Span requested from the data below: the line with "L'Oréal Paris - Infaillible" through the line with "Leica Schneider Objectif", both included. Give only these lines again, exactly, and leave every picture out.

§ **RECORD EXCERPTS**:
+ + + + + + +

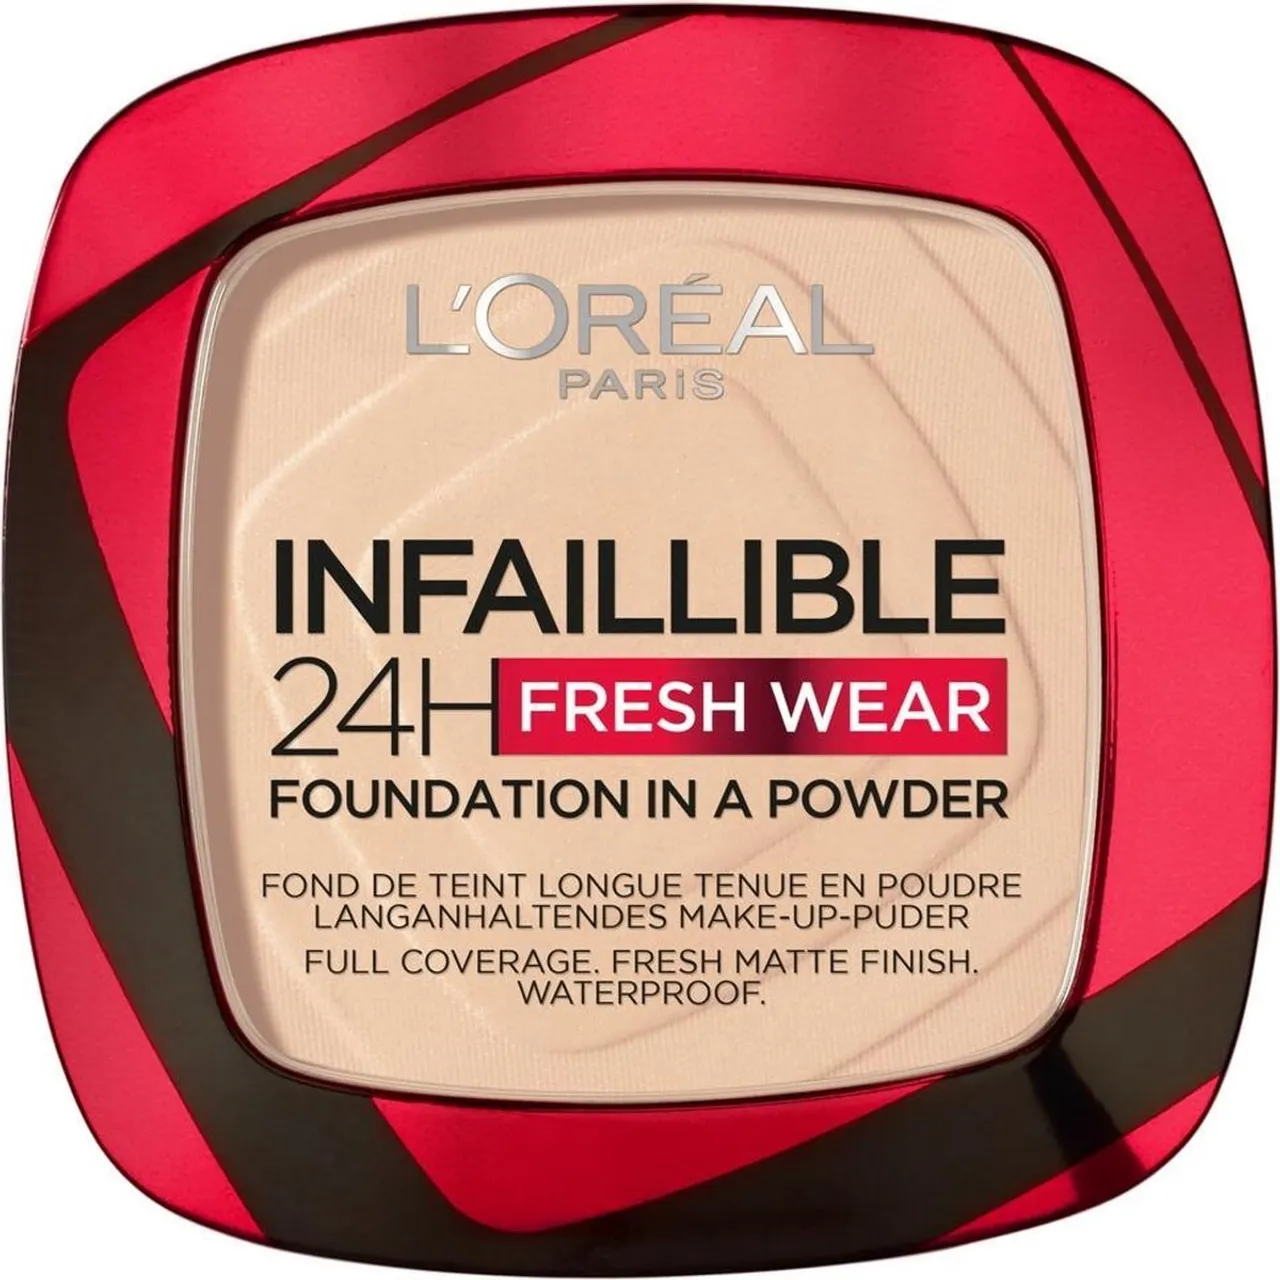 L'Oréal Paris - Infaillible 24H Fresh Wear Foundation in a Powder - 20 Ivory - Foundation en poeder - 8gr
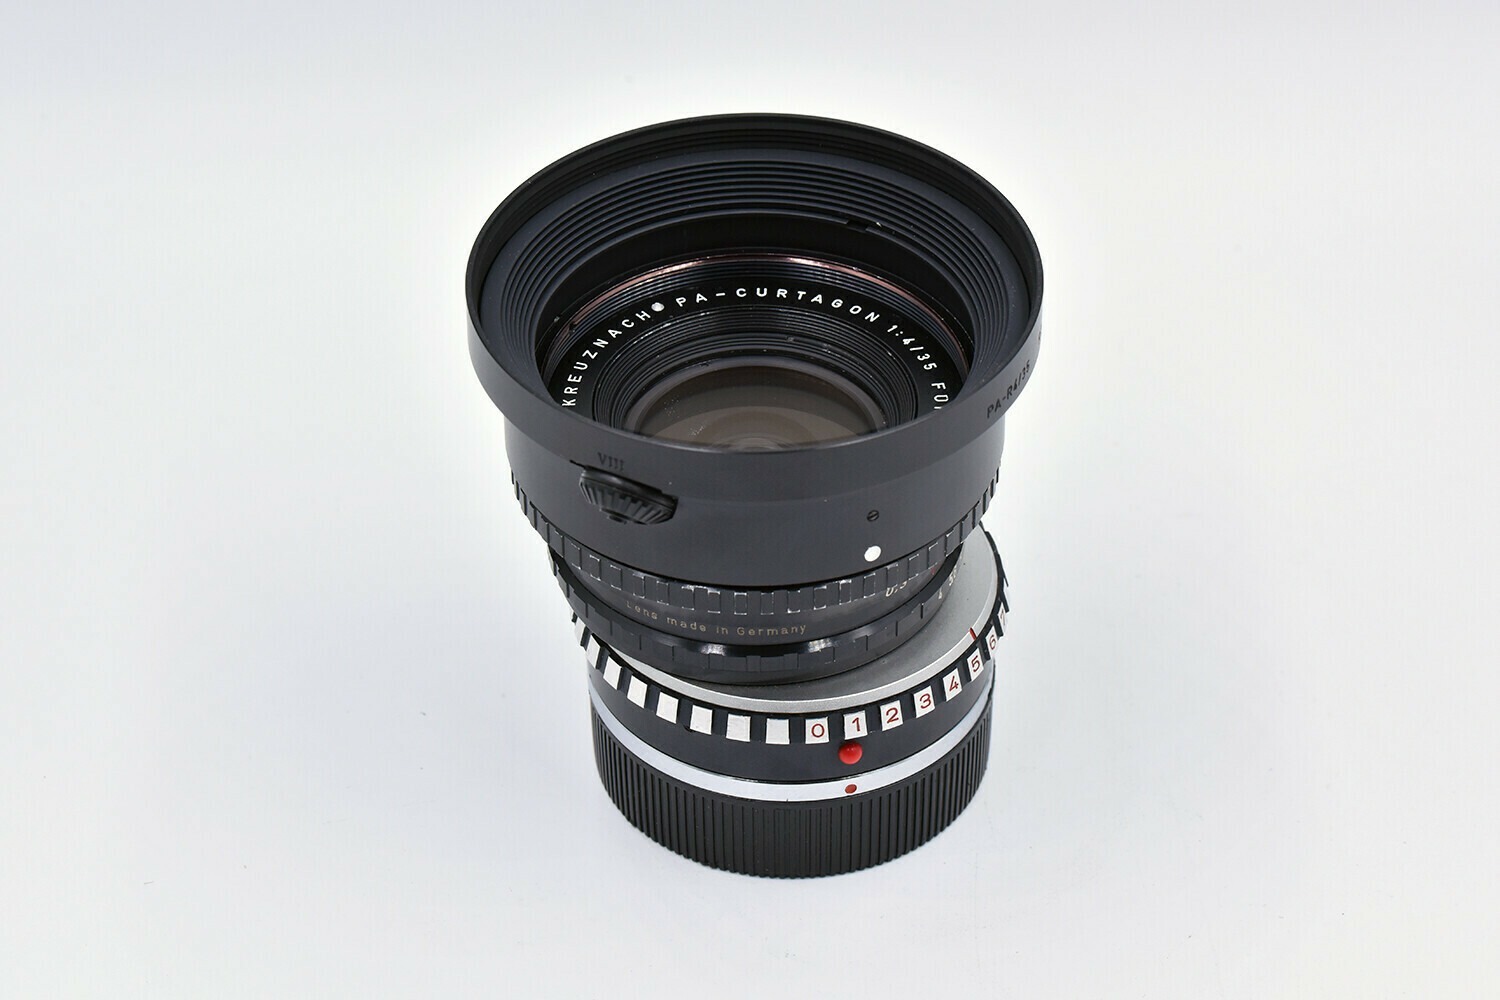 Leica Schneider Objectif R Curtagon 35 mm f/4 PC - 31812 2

+ + + + + + +

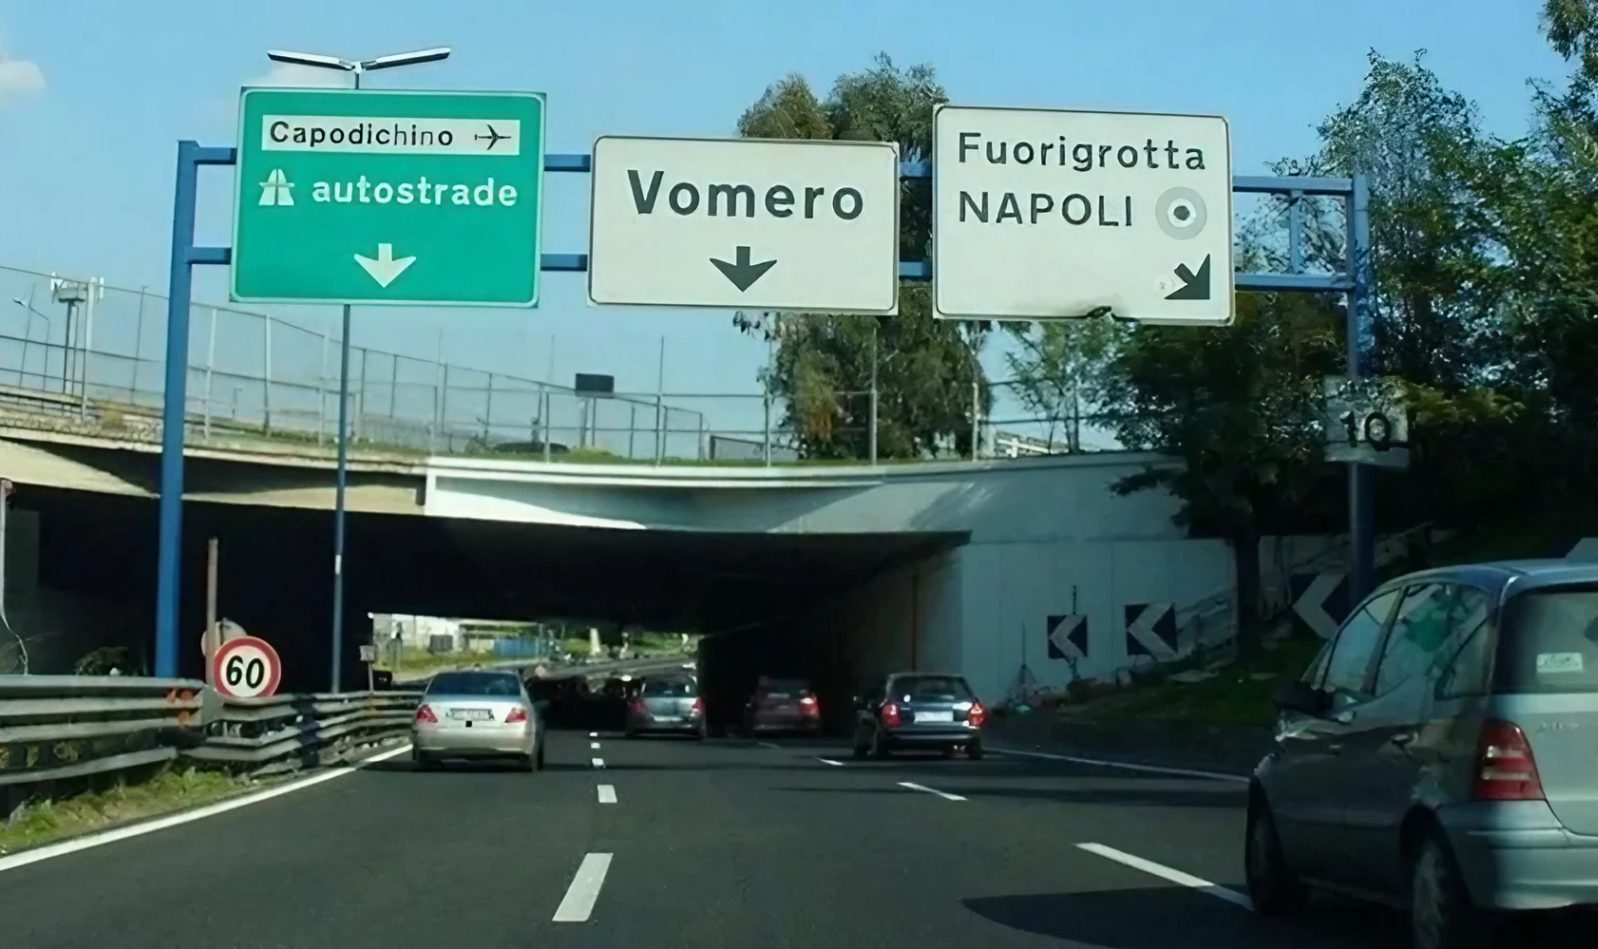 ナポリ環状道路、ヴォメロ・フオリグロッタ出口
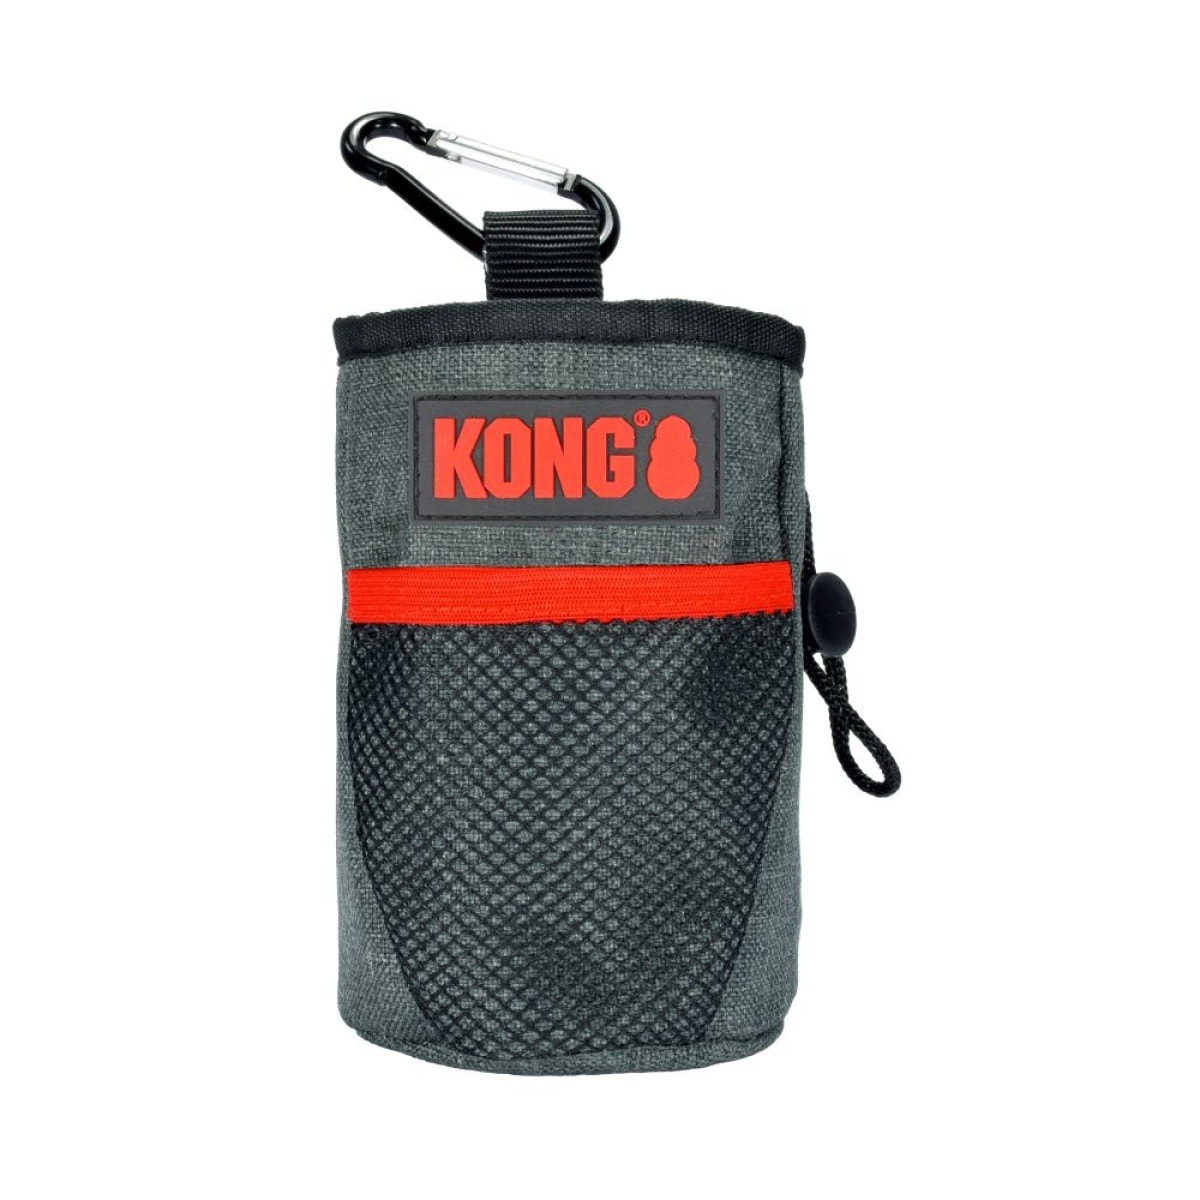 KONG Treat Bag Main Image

+ + + + + + +

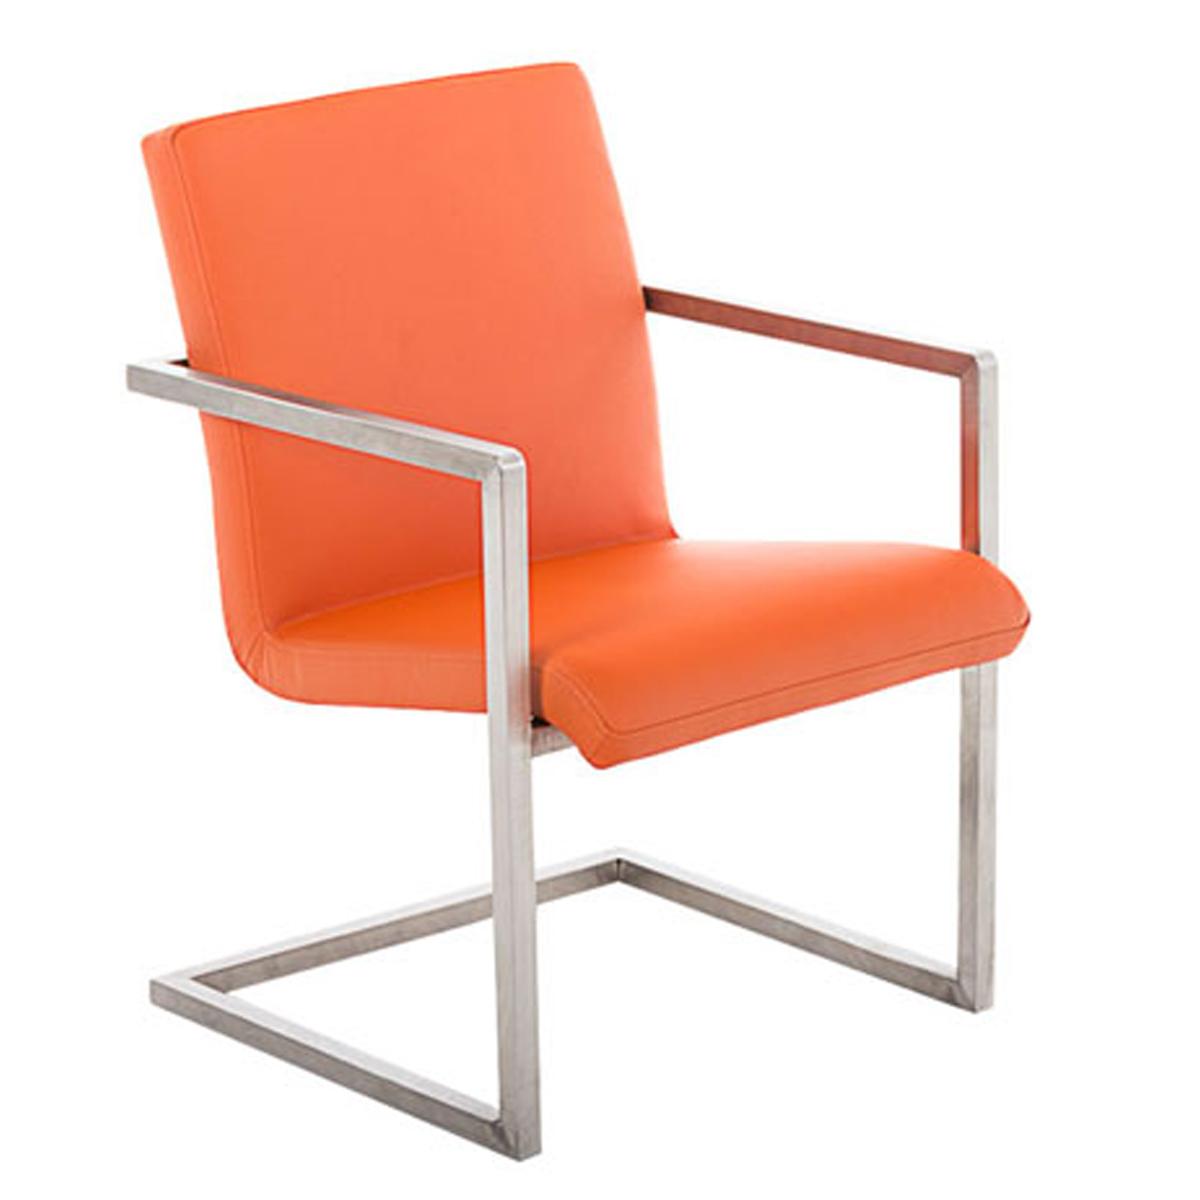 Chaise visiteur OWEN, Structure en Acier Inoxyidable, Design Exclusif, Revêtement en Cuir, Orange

+ + + + + + +

§ **SOLUTION BELOW**:
 L'Oréal Paris - Infaillible 24H Fresh Wear Foundation in a Powder - 20 Ivory - Foundation en poeder - 8gr
 Leica Schneider Objectif R Curtagon 35 mm f/4 PC - 31812 2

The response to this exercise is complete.